++++ Input data

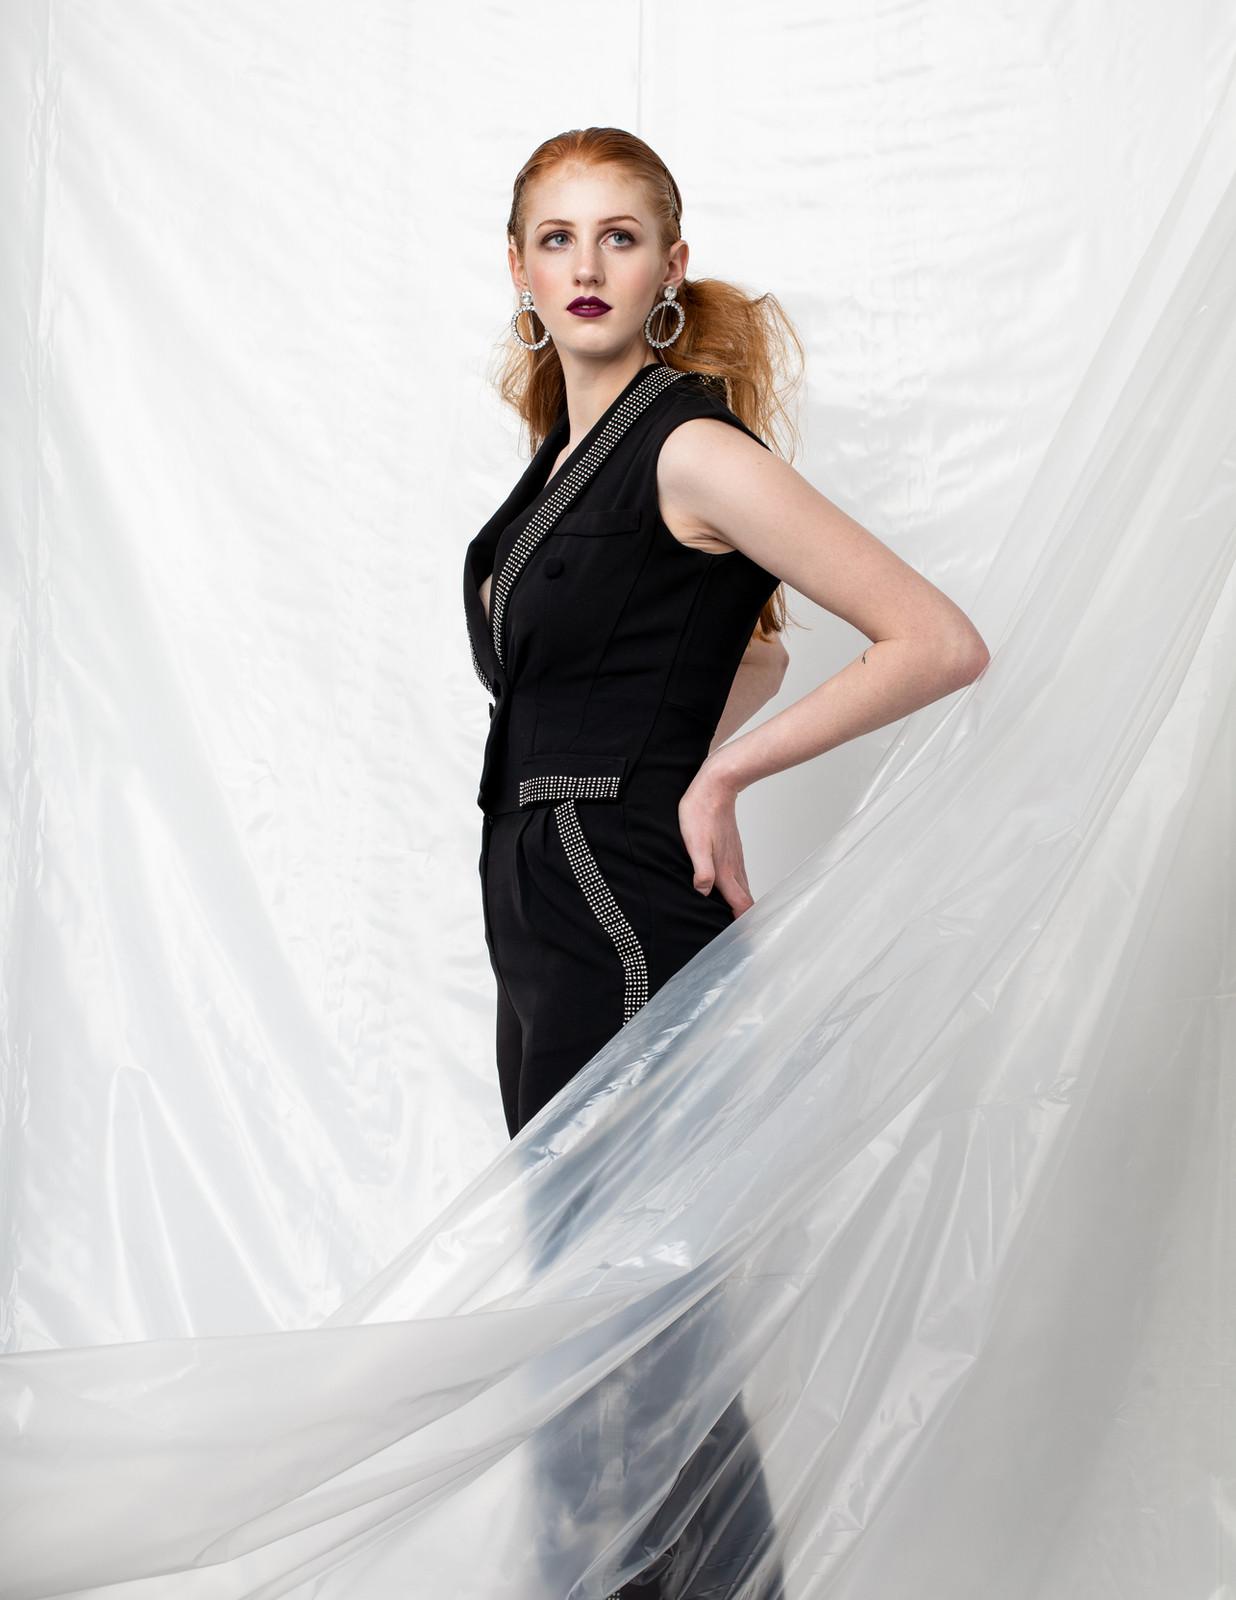 Model Agency | Structure Model Management | Jenna Zimmer
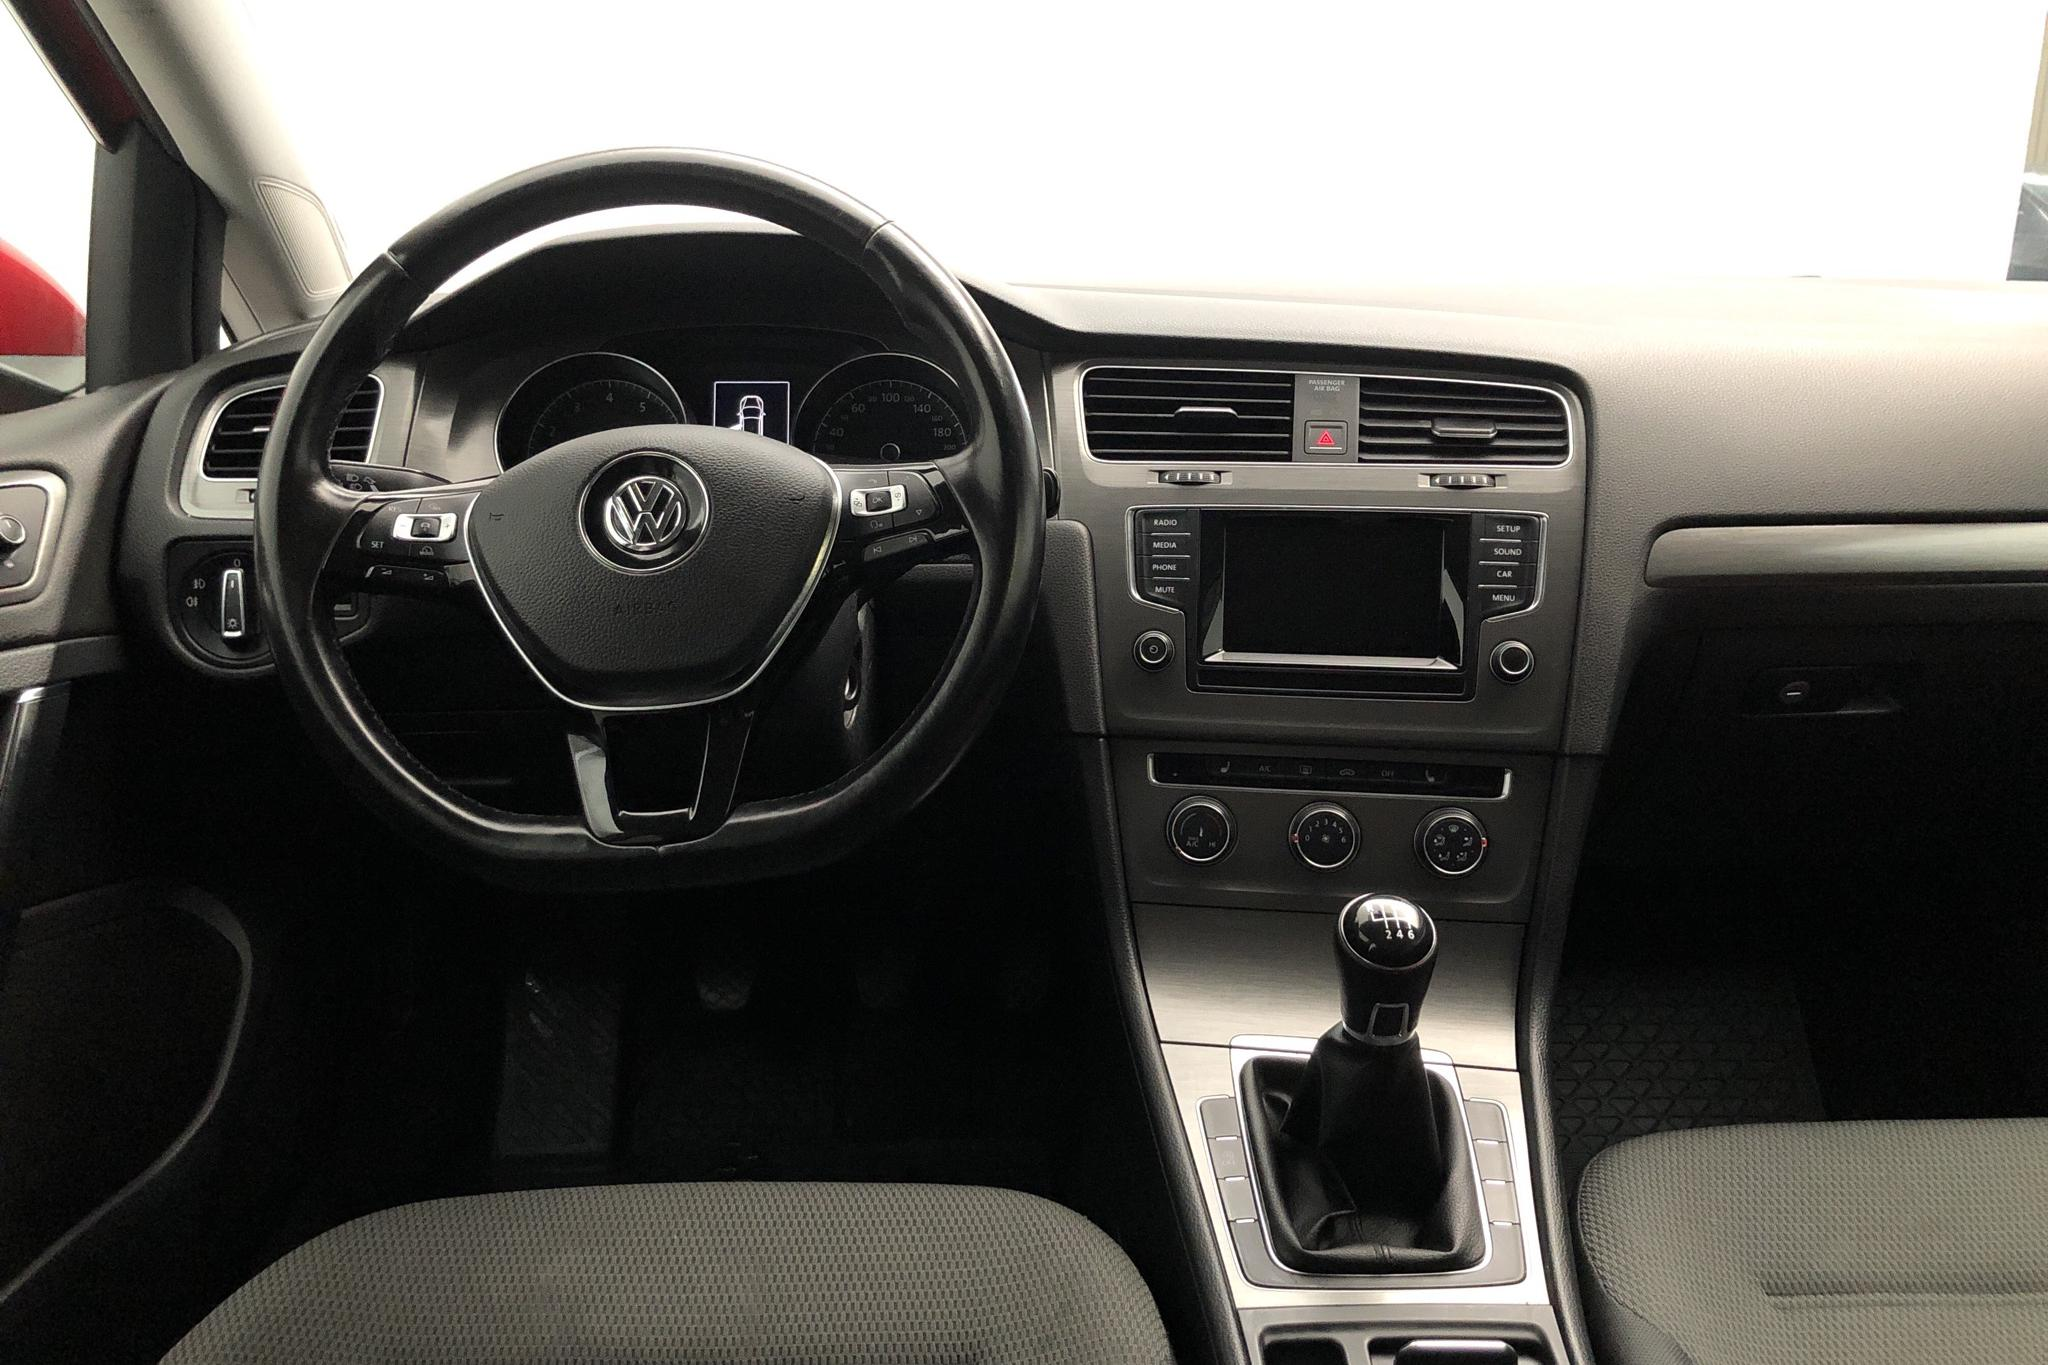 VW Golf VII 1.4 TSI Multifuel 5dr (122hk) - 204 220 km - Manual - red - 2014
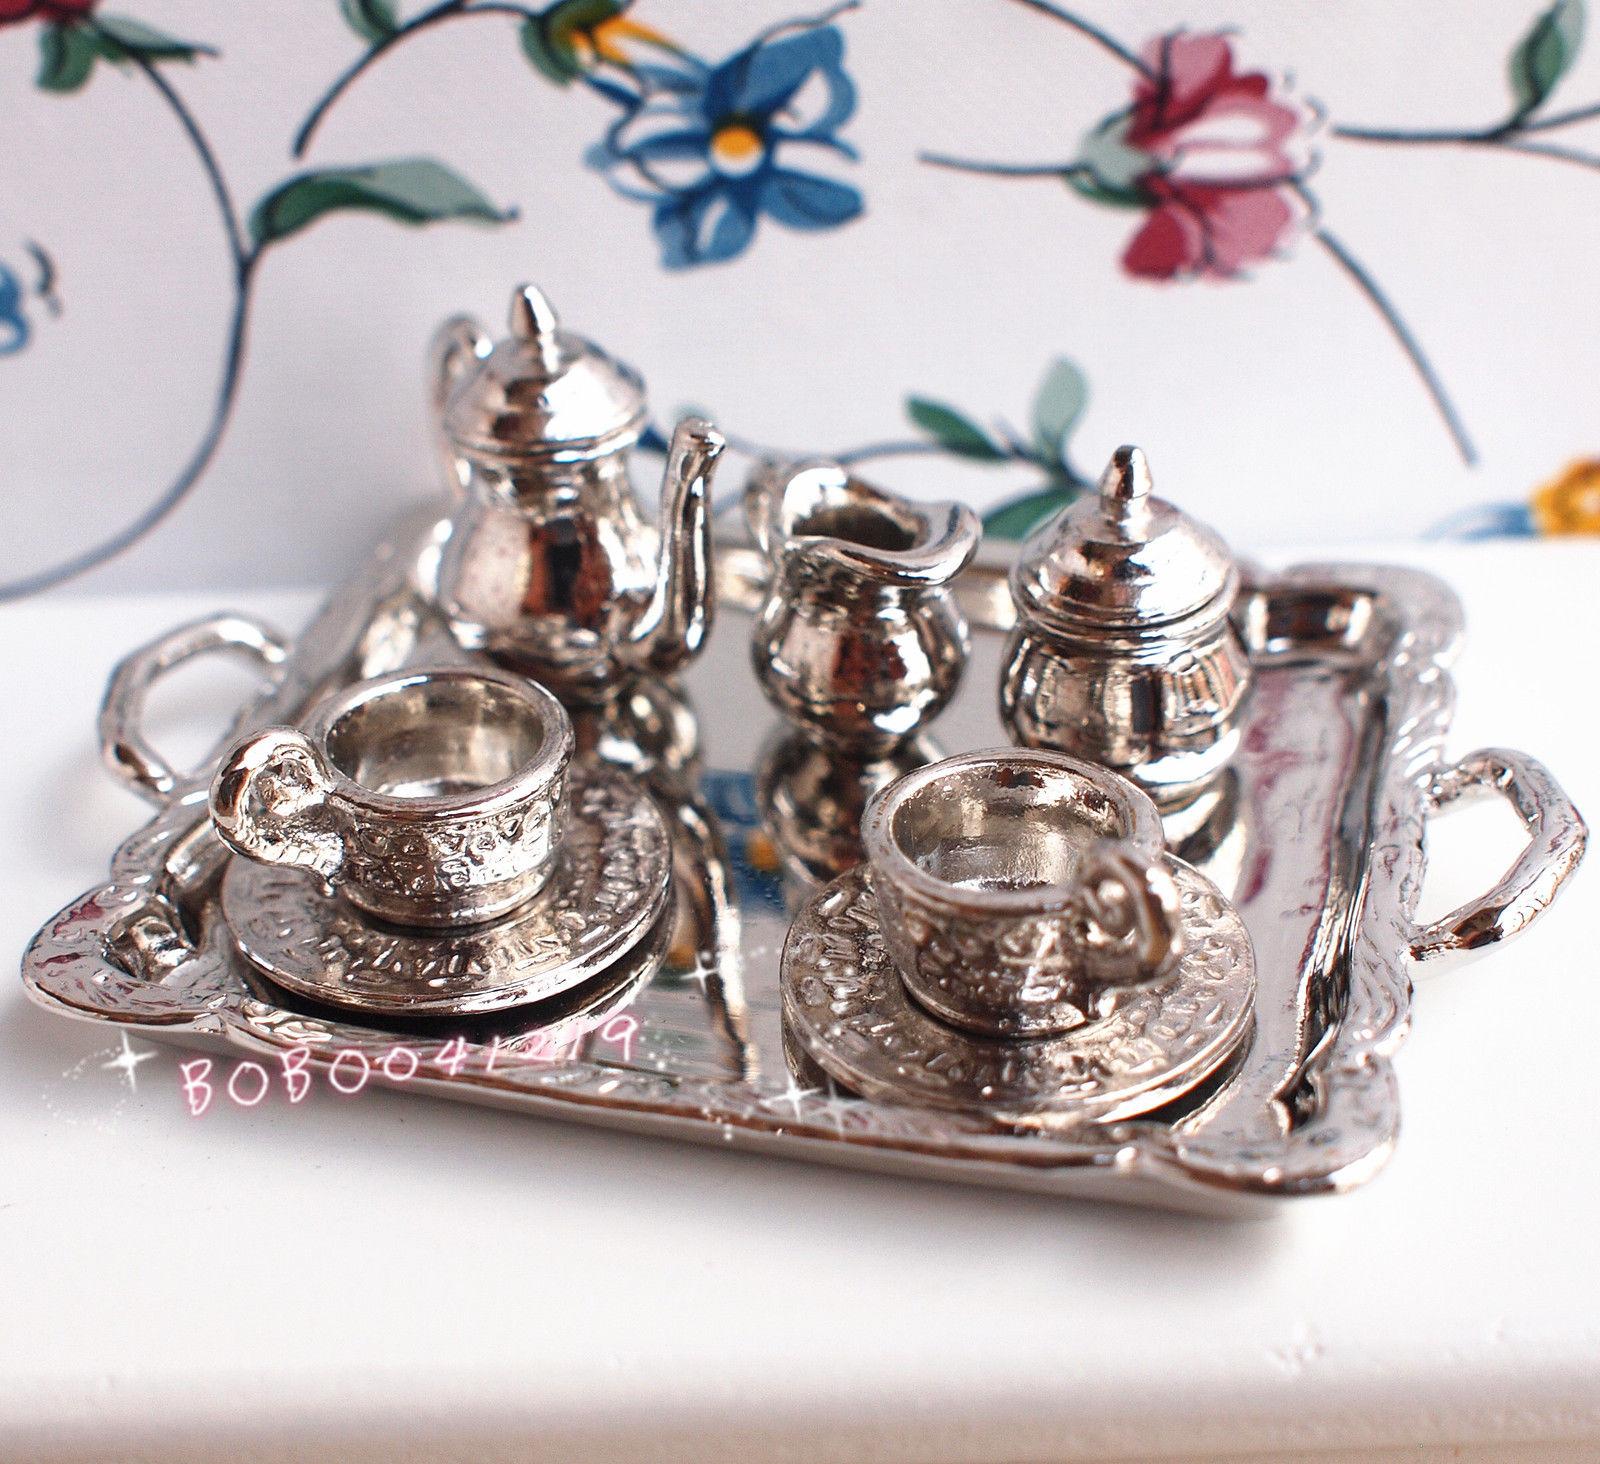 Medium Of Silver Tea Set

++++++++

Work instruction: A word-for-word copy of all the data is required, minus the pictures.

Task response:
 Model Agency | Structure Model Management | Jenna Zimmer
 VW Golf VII 1.4 TSI Multifuel 5dr (122hk) - 204 220 km - Manual - red - 2014
 Medium Of Silver Tea Set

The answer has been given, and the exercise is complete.